Product launches are a dime a dozen. They often have little practical relevance beyond an immediate user base. The release by Systran of what it calls Pure Neural MT on a demo platform is somewhat different, however.
As far as we are aware, it is the first time access to neural machine translation for a variety of language combinations is offered to the general public. A clever marketing stunt. Others, such as Iconic Machine Translation, have announced upcoming NMT integrations into their commercial platforms.
Google’s NMT, meanwhile, released to much fanfare recently, but the initial launch was restricted to Chinese into English. So, for the world’s six billion non-Chinese speakers, there was only so much fun they could have playing around with it.
Systran’s demo platform now offers over 30 language combinations with another half-dozen soon to launch. In a technical paper accompanying the launch, Systran outlines the genesis and inner workings of its NMT system; which Systran says is based on an open-source project initiated by a natural language processing group from Harvard University.

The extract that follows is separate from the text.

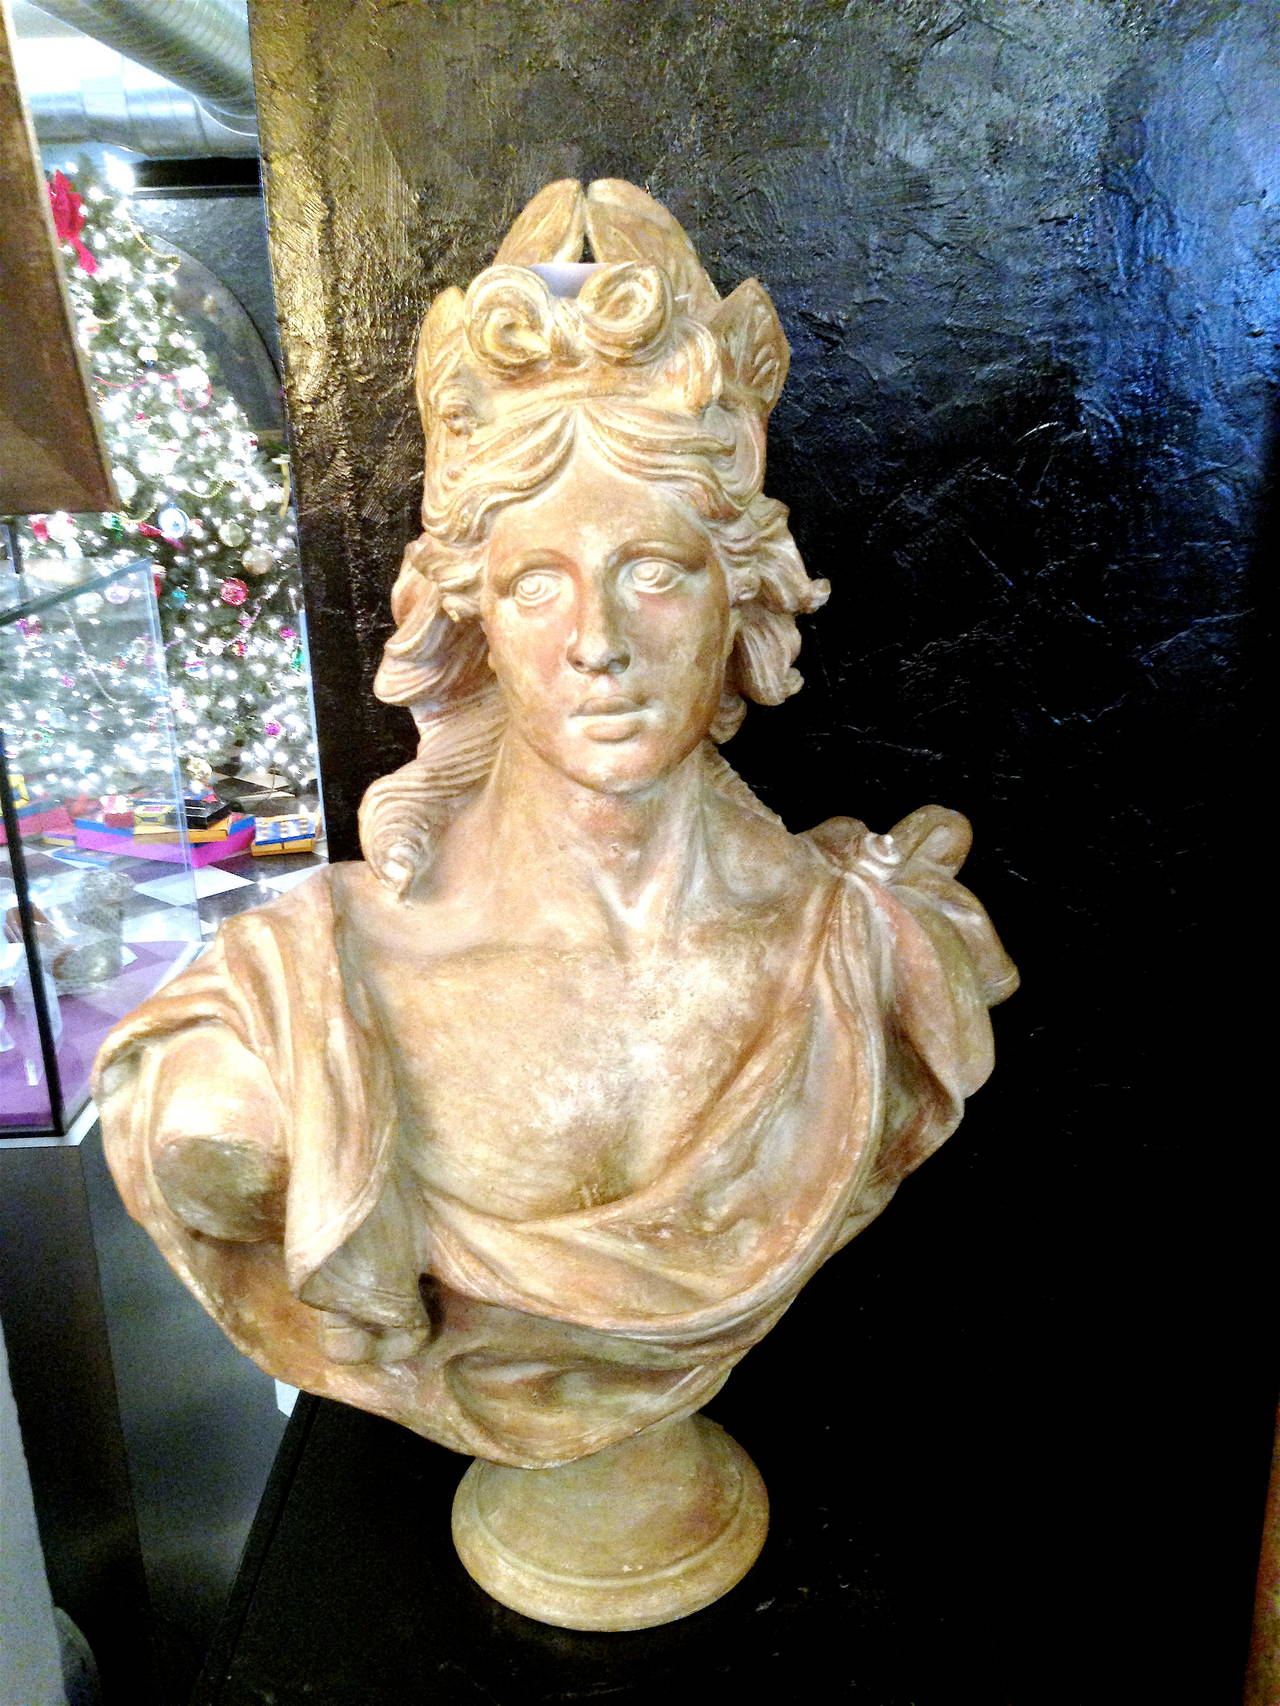 Buste continental majestueux en terre cuite représentant un buste féminin classique.  
Représentant un buste féminin classique avec des feuilles de laurier autour de la tête, le second étant une femme. Très belle apparence avec une belle patine.

This project is implemented “on top” of the scientific computing library called Torch, whose “maintainers” call it “a scientific computing framework with wide support for machine learning algorithms that puts GPUs first.” Other such deep learning frameworks, which have gotten traction in NMT, are Theano and Google’s TensorFlow.
Systran, a Korean-owned company of French heritage, is clearly excited about the launch. Talking to Slator in early September 2016, CTO Jean Senellart said the company noticed the enthusiasm around NMT building up in academia and “decided to jump” around two years ago. He said they now have a dozen PhDs working on NMT in their Paris office, with an additional batch of engineers integrating the tech into the company’s commercial solutions.
So how good is the engine? Systran makes an effort to avoid the kind of hyperbole attached to Google’s NMT launch and tries to preempt critical comments by the translation quality police. The technology “will not replace human translators” and “does not produce translation which is almost indistinguishable from human translation,” the company says in a blog post.
The most salient error comes from missing words or parts of sentence—Systran paper on NMT
In terms of quality, that all-evlusive concept in translation, Systran’s NMT confirms findings seen in other models and trials. The system struggles with very short and very long sentences. It occasionally misses words or parts of a sentence. It also makes some rather strange errors (translating Steve King into Michael King when we tried it on English into German).
However, there is an actual improvement in fluency, even to the casual tester. For an in-depth review of the system, head over to Kirti Vashee’s post.
Systran CTO Senellart told Slator that there are indeed new types of mistakes and that German into English is actually lagging in terms of quality. Interestingly, he says they had better results of what he calls “very complicated languages” like English into Korean.